In this setup, the “Direct answer” mode serves as a better baseline, as it shares the same weights as the “Latent CoT” mode. This enables us to directly attribute any performance improvement to the computation performed in the latent vectors.

	GSM8k	CommonsenseQA	MultiArith	SVAMP
Direct answer	36.72 ± 0.38	67.19 ± 0.31	67.78 ± 0.56	45.77 ± 0.5
Verbalized CoT	42.10 ± 0.35 (+5.38)	64.78 ± 0.67 (-2.41)	80.37 ± 0.64 (+12.59)	48.50 ± 0.66 (+2.73)
Latent CoT	41.60 ± 0.81 (+4.88)	66.94 ± 0.45 (-0.25)	83.33 ± 1.47 (+15.55)	48.50 ± 0.44 (+2.73)

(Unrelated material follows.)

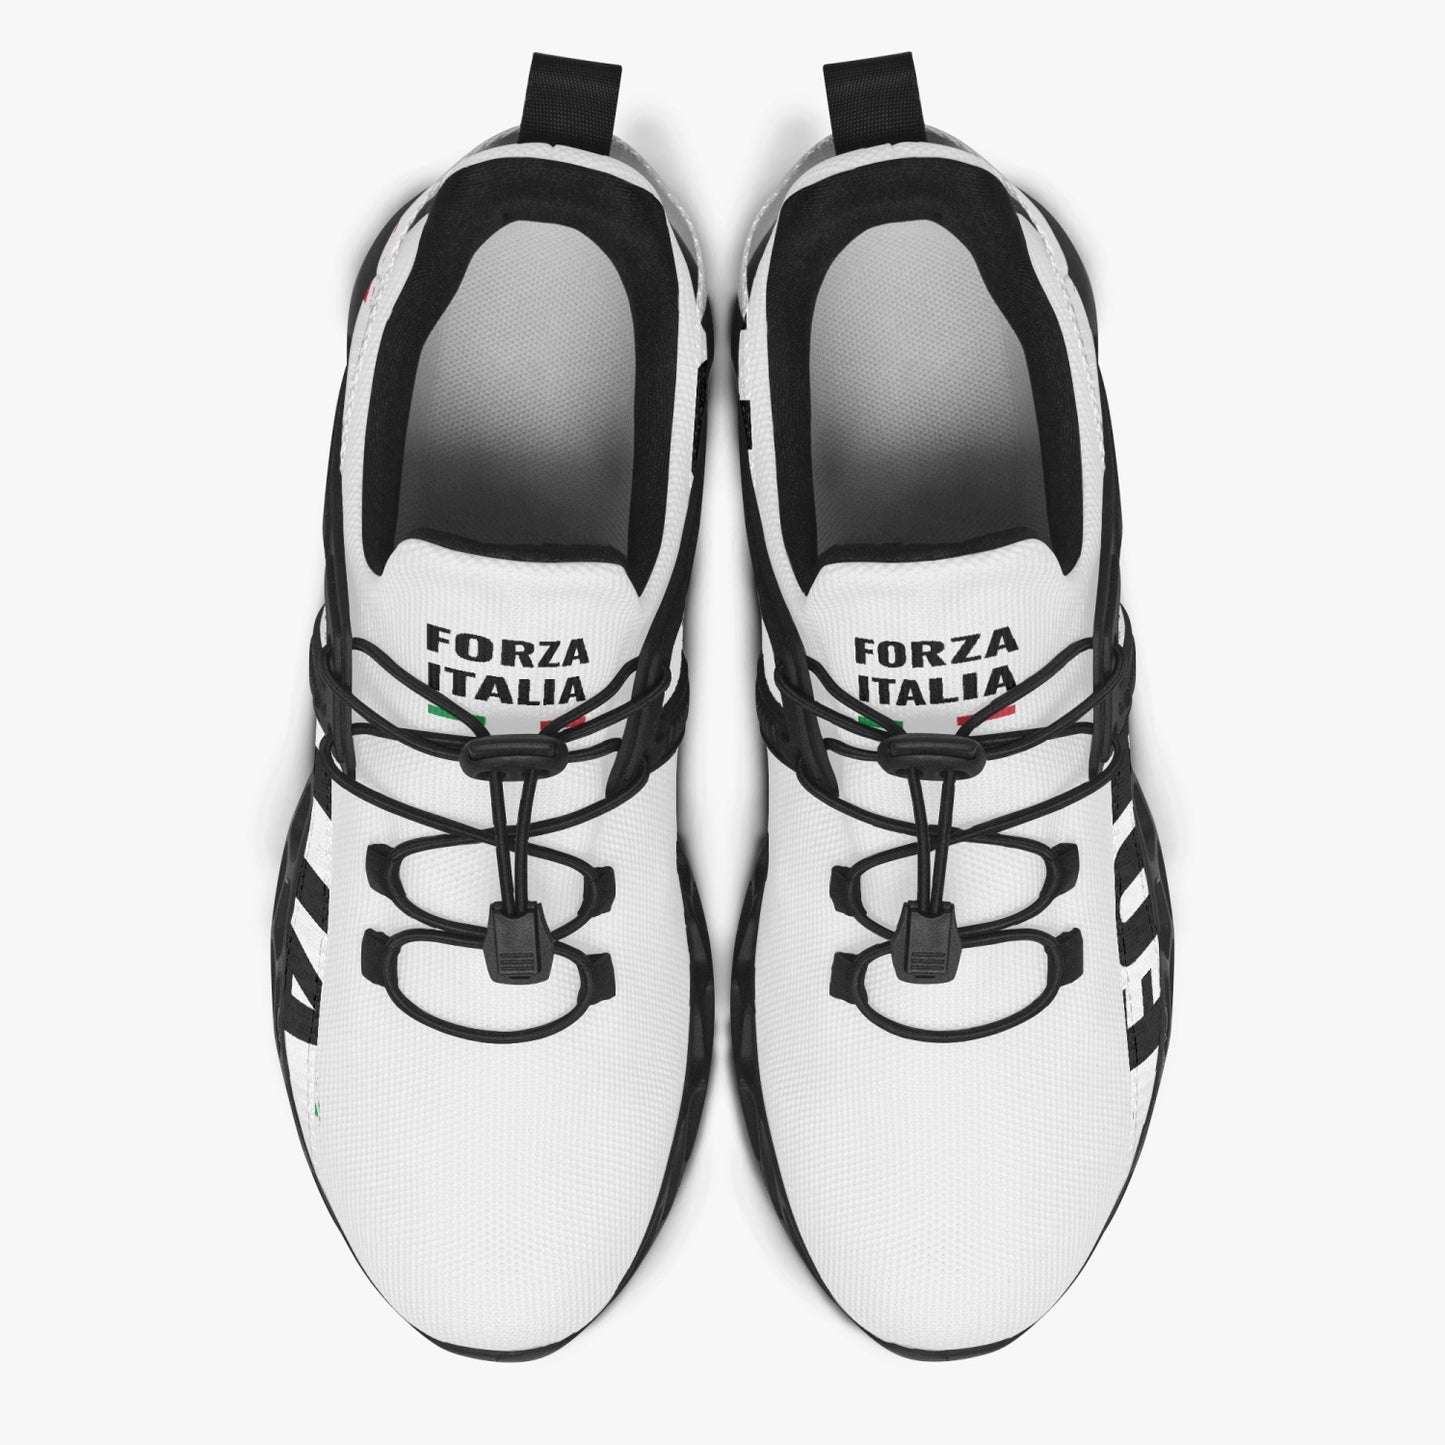 Italy Running Shoes Mesh - "Forza Italia" White

The performance of the Llama 3.2 1B model trained for 10 epochs on about 40M tokens from the GSM8k and CommonsenseQA datasets. In parentheses, we denote the uplift over the “Direct answer” mode.

Evaluation prompts

In our experiments, we use math problems similar to these from the GSM8k dataset, requiring three reasoning steps to solve. To easily generate multiple evaluation prompts, we use 20 templates that we fill with numbers ranging from 1 to 10. In total, unless stated otherwise, we present results for 1000 prompts.

Example template:

A team starts with {X} members. They recruit {Y} new members. Then each current member recruits {Z} additional people. How many people are there now on the team? Give the answer only and nothing else.

Experiments

How many latent vectors does the model actually use?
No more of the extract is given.